## WHAT THE EXERCISE ASKS
The expected output is exactly the lines below, starting at the line with "DIMENSIONS: 404 mm x 350 mm x 230 mm" and ending at the line with "CONDITION: Good condition.", both included; no other line belongs in it.

## SUPPLIED DATA
╔══

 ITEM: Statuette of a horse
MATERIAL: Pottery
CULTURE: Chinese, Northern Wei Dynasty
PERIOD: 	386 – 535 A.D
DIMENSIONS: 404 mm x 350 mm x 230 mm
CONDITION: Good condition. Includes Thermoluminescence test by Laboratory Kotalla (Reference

╚══
╔══

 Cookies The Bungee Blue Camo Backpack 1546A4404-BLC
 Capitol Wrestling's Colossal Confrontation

╚══

## COMPLETED TASK
DIMENSIONS: 404 mm x 350 mm x 230 mm
CONDITION: Good condition. Includes Thermoluminescence test by Laboratory Kotalla (Reference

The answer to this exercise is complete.